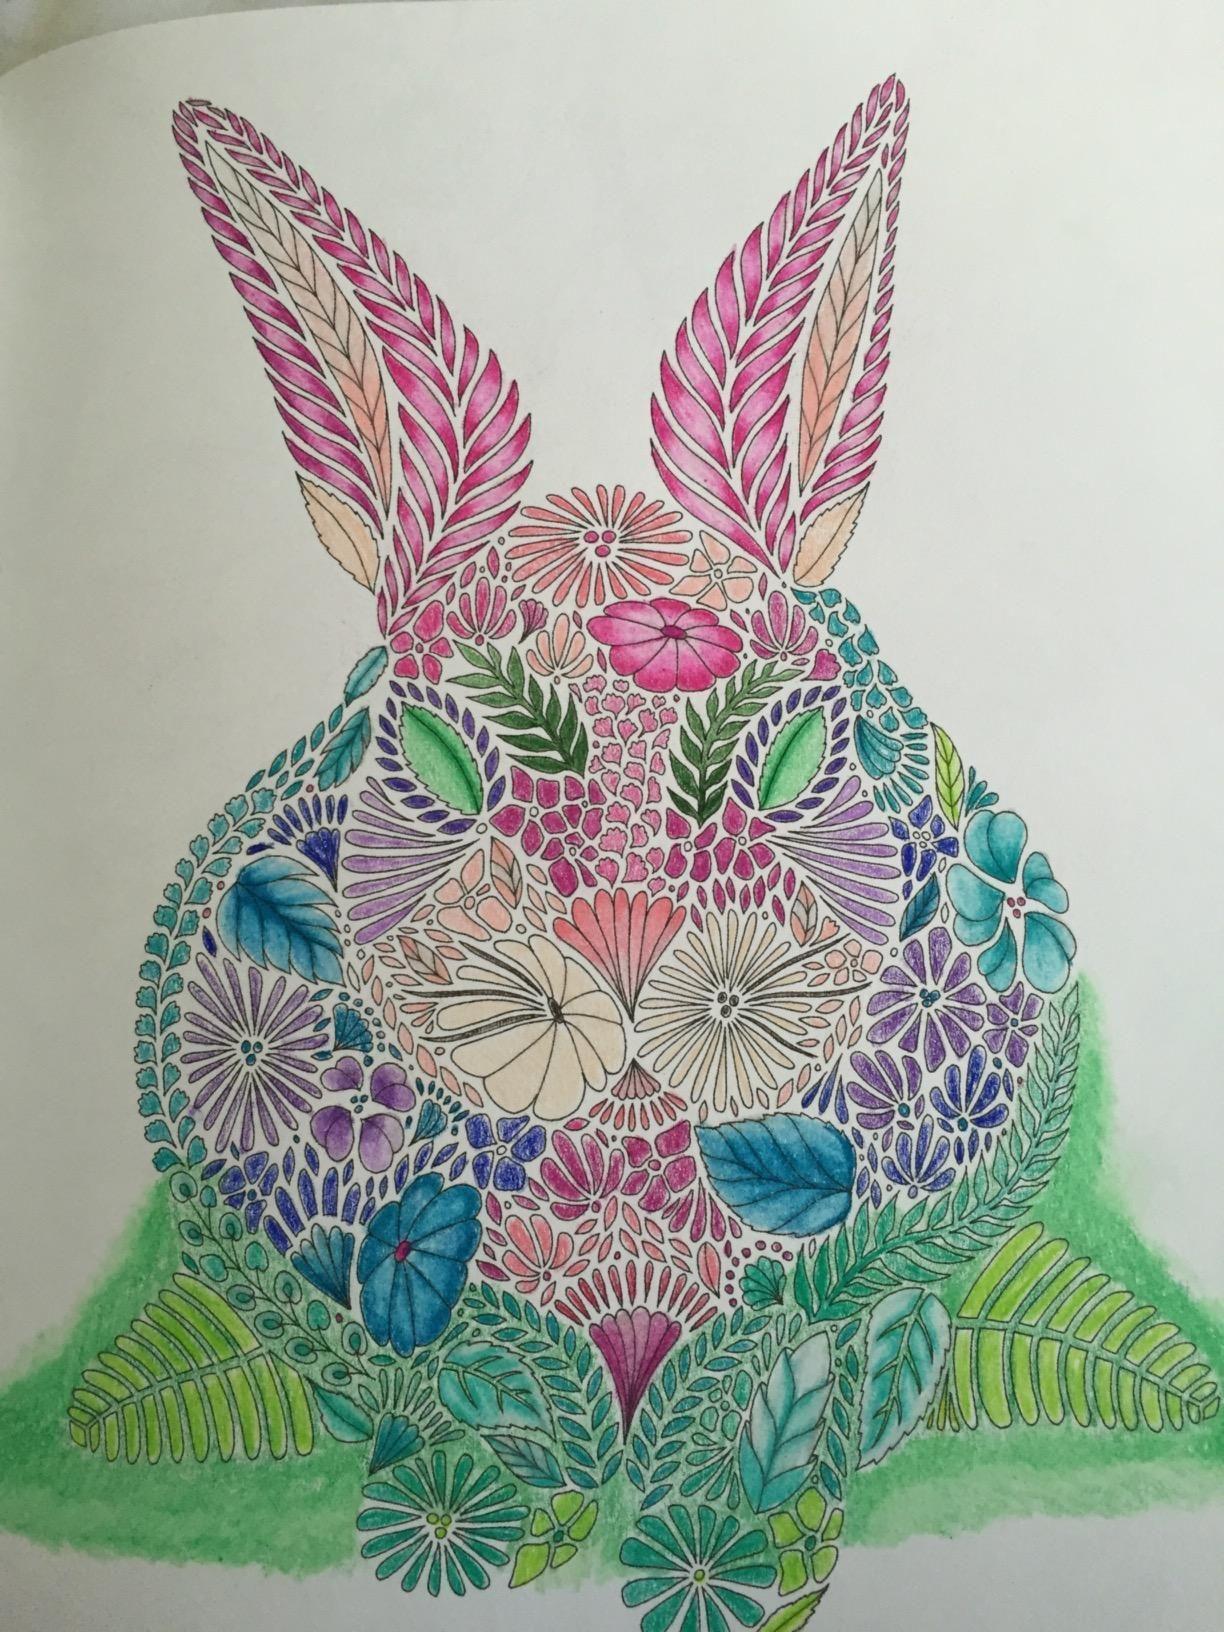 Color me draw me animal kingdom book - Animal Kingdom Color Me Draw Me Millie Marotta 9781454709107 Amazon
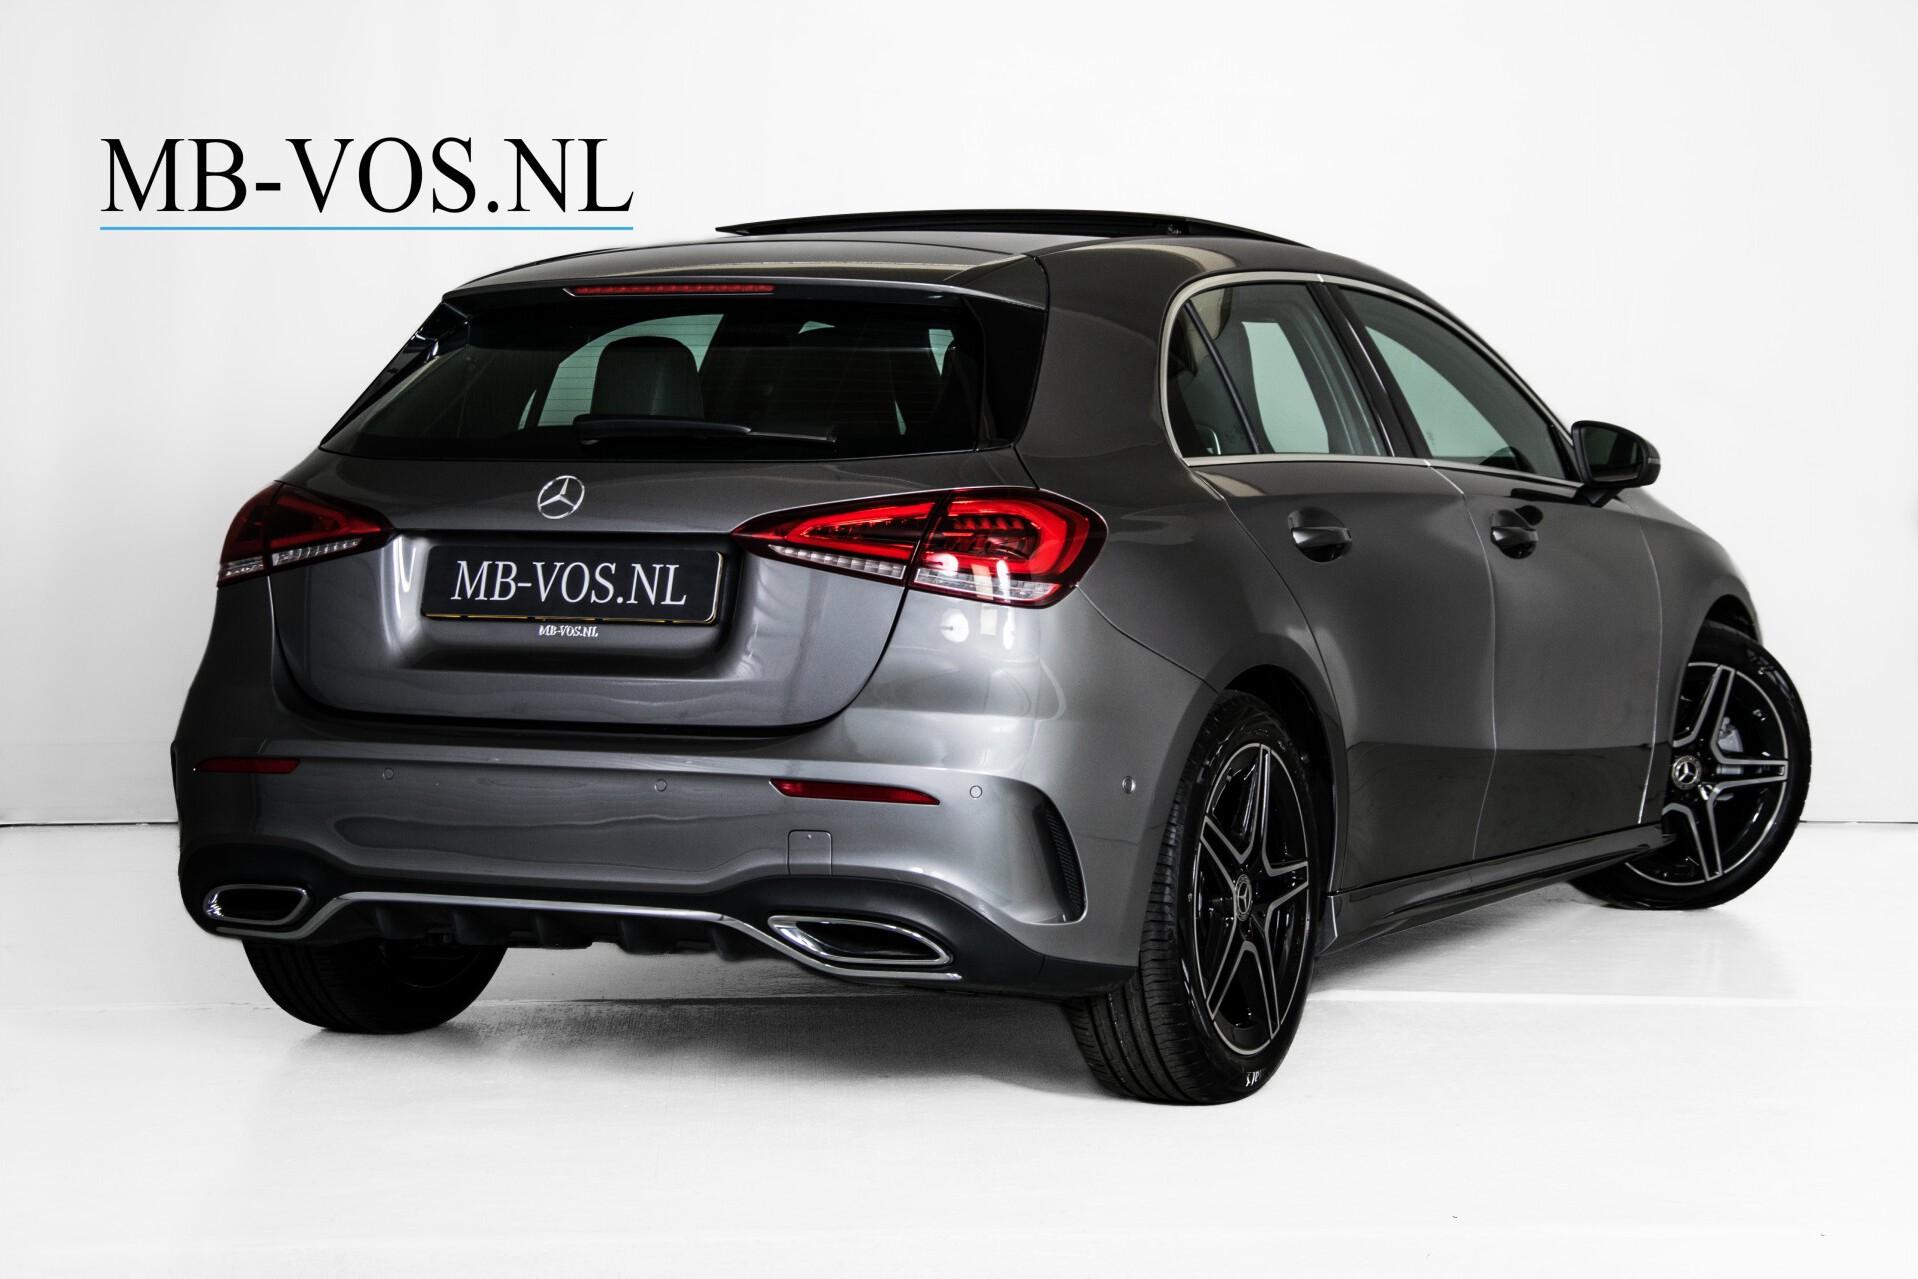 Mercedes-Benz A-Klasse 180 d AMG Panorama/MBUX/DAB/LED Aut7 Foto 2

◇ ◇ ◇ ◇

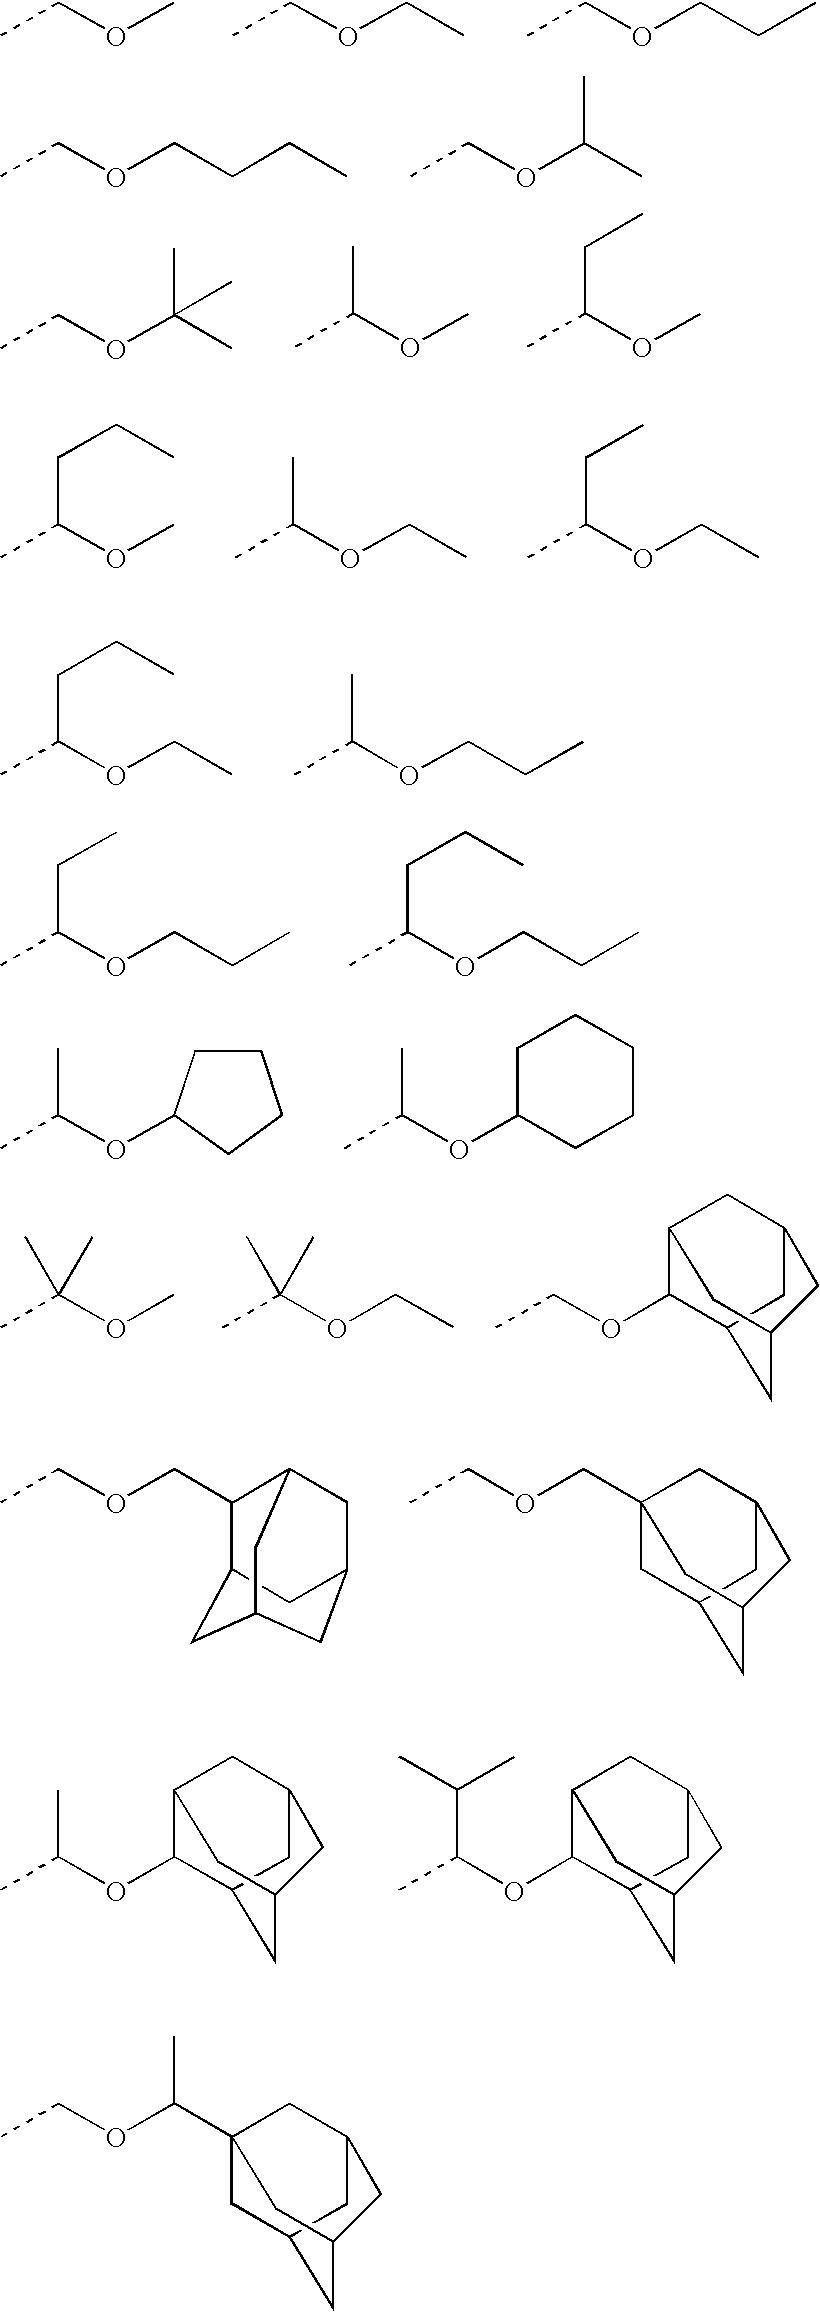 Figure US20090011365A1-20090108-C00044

◇ ◇ ◇ ◇

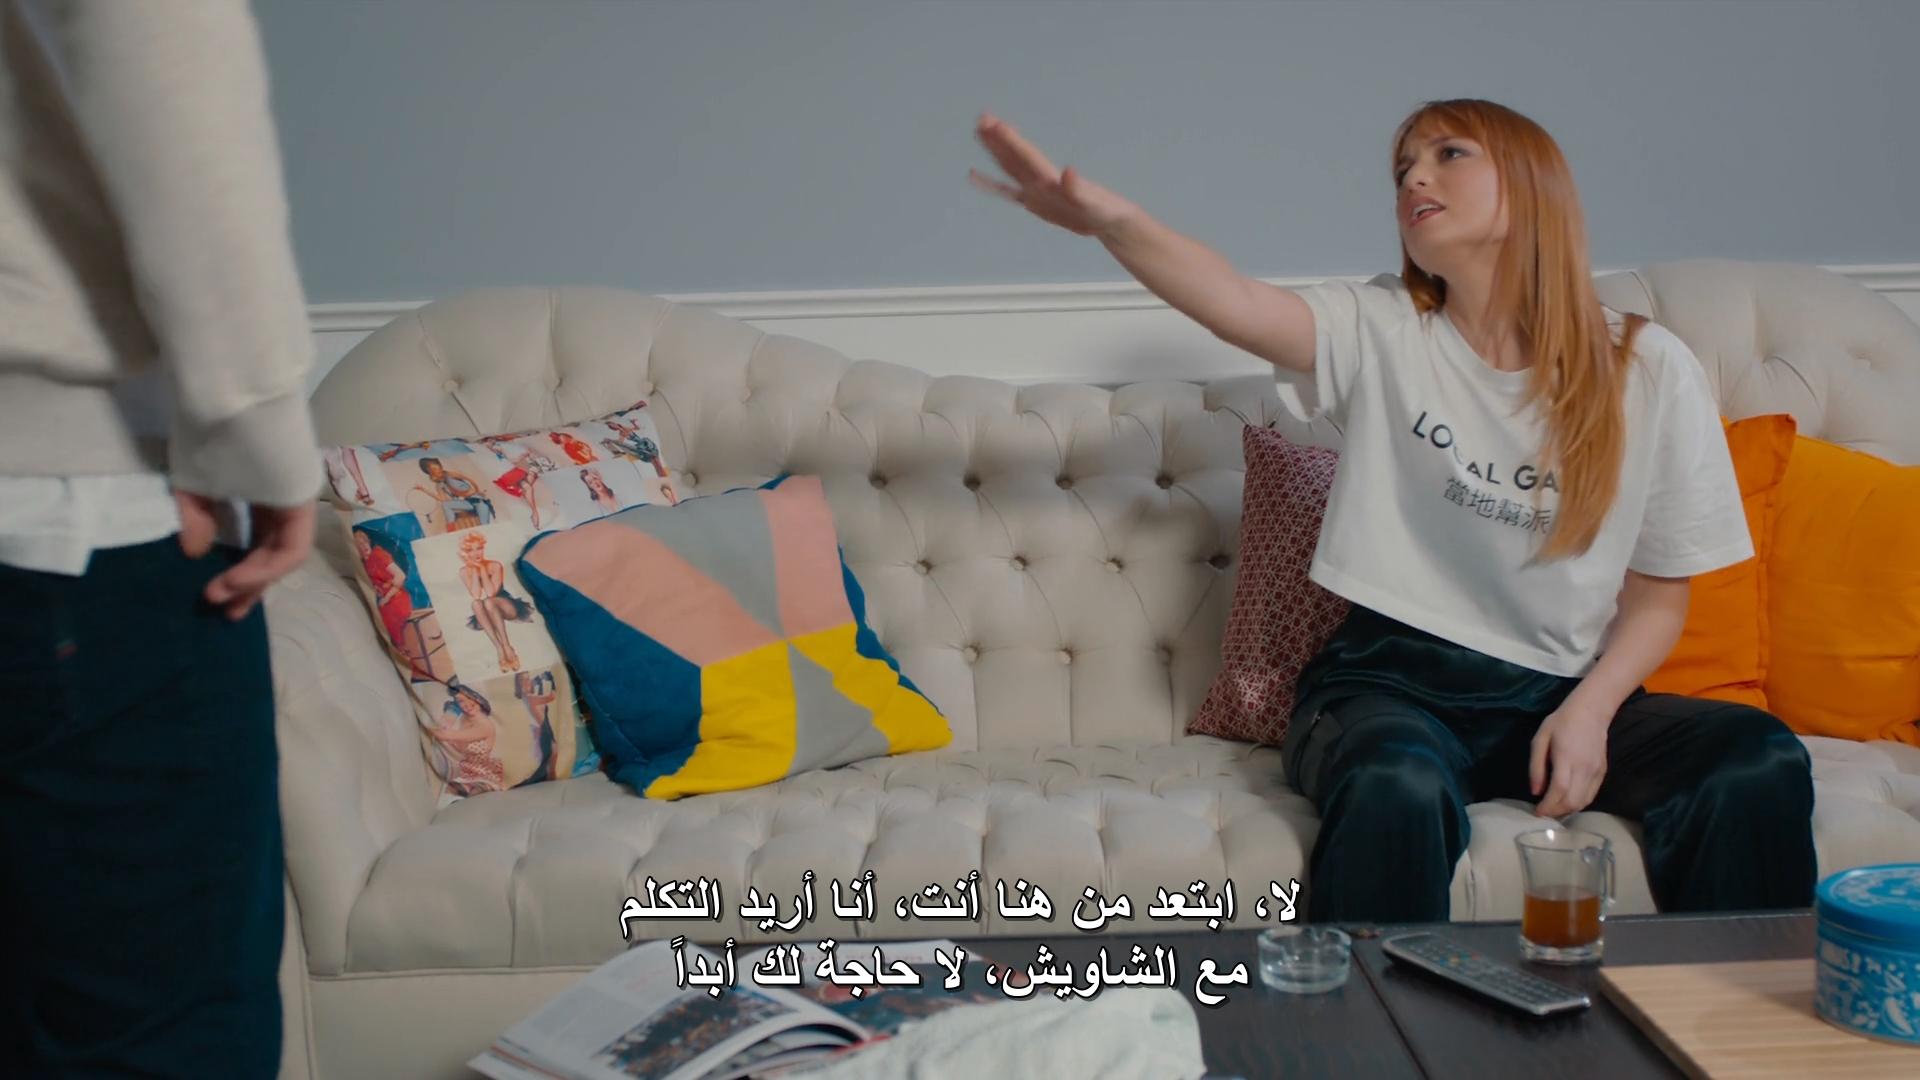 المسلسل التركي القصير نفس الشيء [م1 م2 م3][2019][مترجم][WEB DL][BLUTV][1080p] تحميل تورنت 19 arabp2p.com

◇ ◇ ◇ ◇

## Work item
Starting at the line containing "Color me draw me animal" and finishing at the line containing "Mercedes-Benz A-Klasse 180", return those lines exactly as they appear above, without the pictures.

## Reply to the task
 Color me draw me animal kingdom book - Animal Kingdom Color Me Draw Me Millie Marotta 9781454709107 Amazon
 Mercedes-Benz A-Klasse 180 d AMG Panorama/MBUX/DAB/LED Aut7 Foto 2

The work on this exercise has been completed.